EVERYTHING WHICH ARISES IS WORTHY OF PERISHING


 When he reached the age of fifty my good friend Currado Malaspina entered the swelling ranks of the nearly content. Unattained aspirations, unrequited fantasies and unrealized goals were suddenly foregrounded as his own background began to recede. He developed an unhealthy habit of counting in his head his former mistresses, lovers and wives. He began his daydreams with the phrase "what if" and revived old grudges with reveries of revenge. He became a man immersed in a past buried within an irretrievable web of circumstances and missed opportunities. 

To Currado the present became increasingly remote while he suddenly became effectively impotent.

Thus began the La Décennie Noire, Currado's dark decade of inactivity and depression.

Currado at the seaside sanatorium Sihirli Dağ, Izmir, Turkey 2005

Or so reads the conventional rendering of my good friend's mid-career creative impasse.
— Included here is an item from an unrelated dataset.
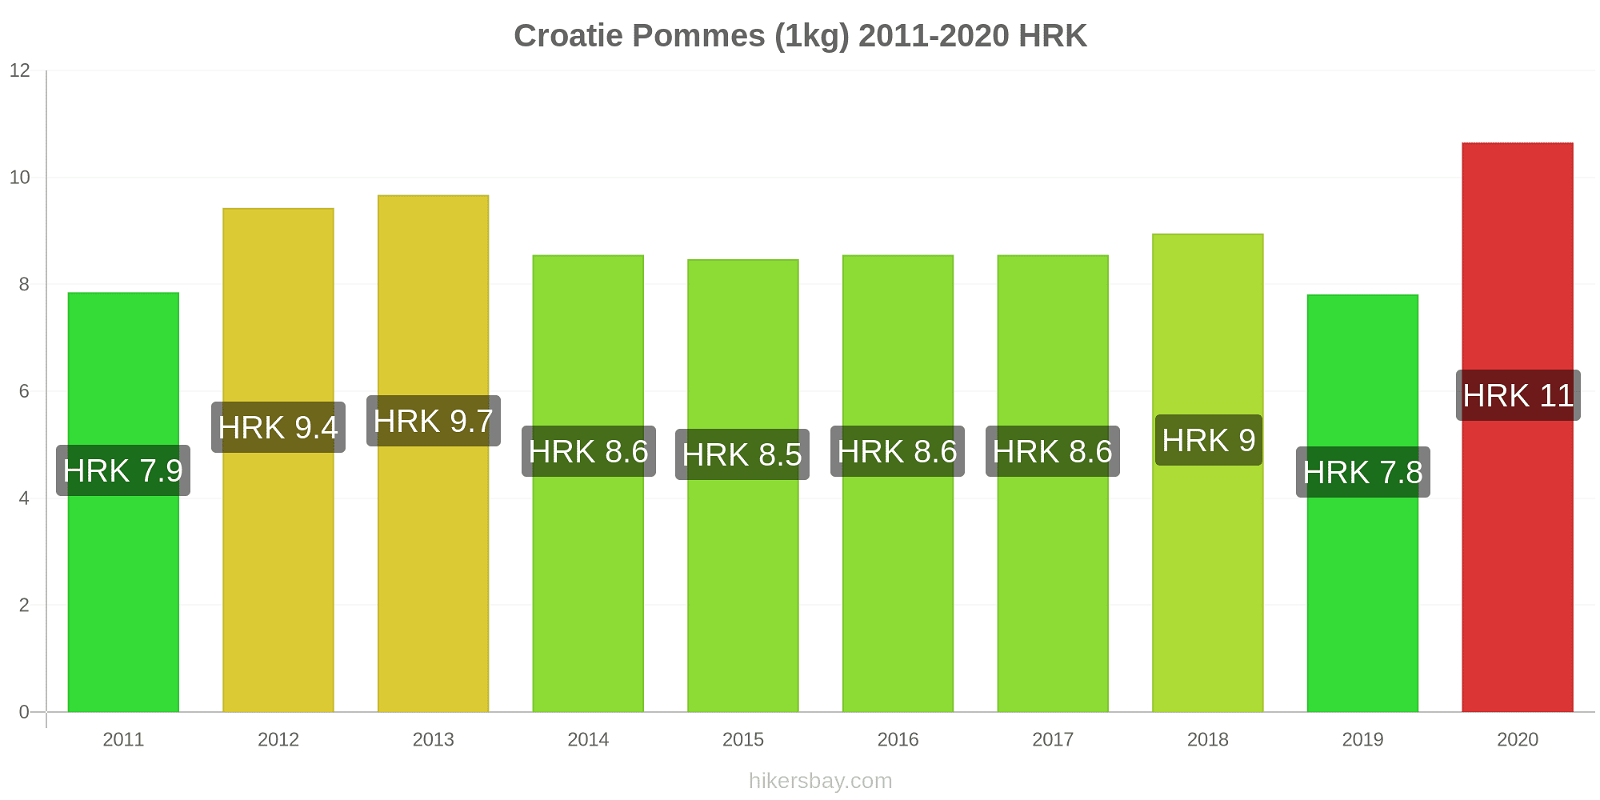 Croatie changements de prix Pommes (1kg) hikersbay.com

The truth, as is typical in such cases, is much more nuanced. 

Rilke observed that "works of art are always the result of one's having been in danger," and so it was with Malaspina. Experiencing a profound decline in his formally robust libido, Currado began consulting with a battery of doctors, therapists, healers and hypnotists. Each one made the same sober evaluation. 

Currado was getting old.

Finding this unacceptable my resourceful friend found succor from a reliably familiar source - the brazenly naked, deliciously fluid, erotically charged commotion of human flesh in flux. With his ample resources Currado hired actresses and dancers, acrobats and hookers, weightlifters and bus drivers, women, men, young, old, anyone who would take their clothes off for him and pose.

The result was "Ten-Thousand Figures," a vast, Olympian act of voluptuary reclamation.

Detail from Dix-Mille Nus, 2001 - 2011, Currado Malaspina
   
The success of this enterprise is a matter of some dispute. Currado claims his legendary vigor returned within weeks. Others suggest that Malaspina became deeply disturbed at his burgeoning bisexuality. There are even a few skeptics who insist that the whole thing was one big public relations hoax.

One thing remains certain. As Currado enters his seventh decade, an age where one should find at least some small measure of sagacity and fulfillment, muddling insecurity remains the prevailing leitmotif for this overgrown adolescent genius.

Wednesday, June 19, 2013

LES CAHIERS DU PALIMPSESTE



I have heard from many quarters that Currado Malaspina's Palimpsest notebooks are based on a perversion.

To some people it's a perversion of faith, to others a perversion of fact but all of Currado's detractors agree that les Cahiers du Palimpseste are a corrupted, premeditated, ignominious sacrilege. 



 From sources both liturgical and cabalistic, my militantly laical colleague has turned the genuinely sacred into a soup of Daedalean banality. After mastering post-biblical Hebraic orthography (a skill not commonly shared among most Diasporic Jews let alone French Roman Catholics), Currado has filled dozens of notebooks with fragments as well as extended excerpts from the medieval verse of Ibn Gabirol, the Lurianic speculations of Hayyim Vital and Shalom Sharabi as well as the more contemporary metaphysical poetry of the Toronto based Itai Hoki-Kerach. 


The reaction has been fast and fierce.

The associate chief rabbi of Kehilat Iris in
Auvers-sur-Oise called on Currado to justify his seemingly arbitrary use of apocrypha and prayer. René Maigrichon, past president of the Conseil des Institution des Juives Croyants went so far as to publish an open letter of protest in the weekly news magazine Le Vieux Typographe.

Even the legendary Belgian pop idol Isaak Guitara whose latest release featured several controversially explicit Ladino love songs called Malaspina "unjustifiably provocative."



Ironically in Israel, the religious establishment remains fairly nonplussed. "If all this gets people to take a second look at the Maharal then what's the harm?" said Jerusalem seminarian Yossele Scharf whose view seems to represent the holy land's pious mainstream.

And I suppose, on the other hand, that if it gets the haredi (ultra-orthodox) community a little closer to Art Basel, documenta and the Venice Biennale,  well, that can't be a bad thing either.

Wednesday, June 5, 2013

HASTEN THE MERRY MAILMAN


It's always a treat receiving a letter from my dear friend Currado Malaspina. The epistolary tradition is a withering flame, a weak fragile rump from a faded past whose futile inefficiencies are ill suited to our hyper-utilitarian age. The illuminated missive is a rarer bird still and I credit Currado's stubborn persistence in maintaining this form of expression. For this alone I look forward to his every note.


His awkward drawings with their unembarrassed intimacies are nothing but refined, visual versions of the boastful bombasts one finds among contemporary rappers. Typically, his renderings depict some unlikely sexual conquest by some self-satisfied protagonist whose appetites range from the illicit to the bizarre. 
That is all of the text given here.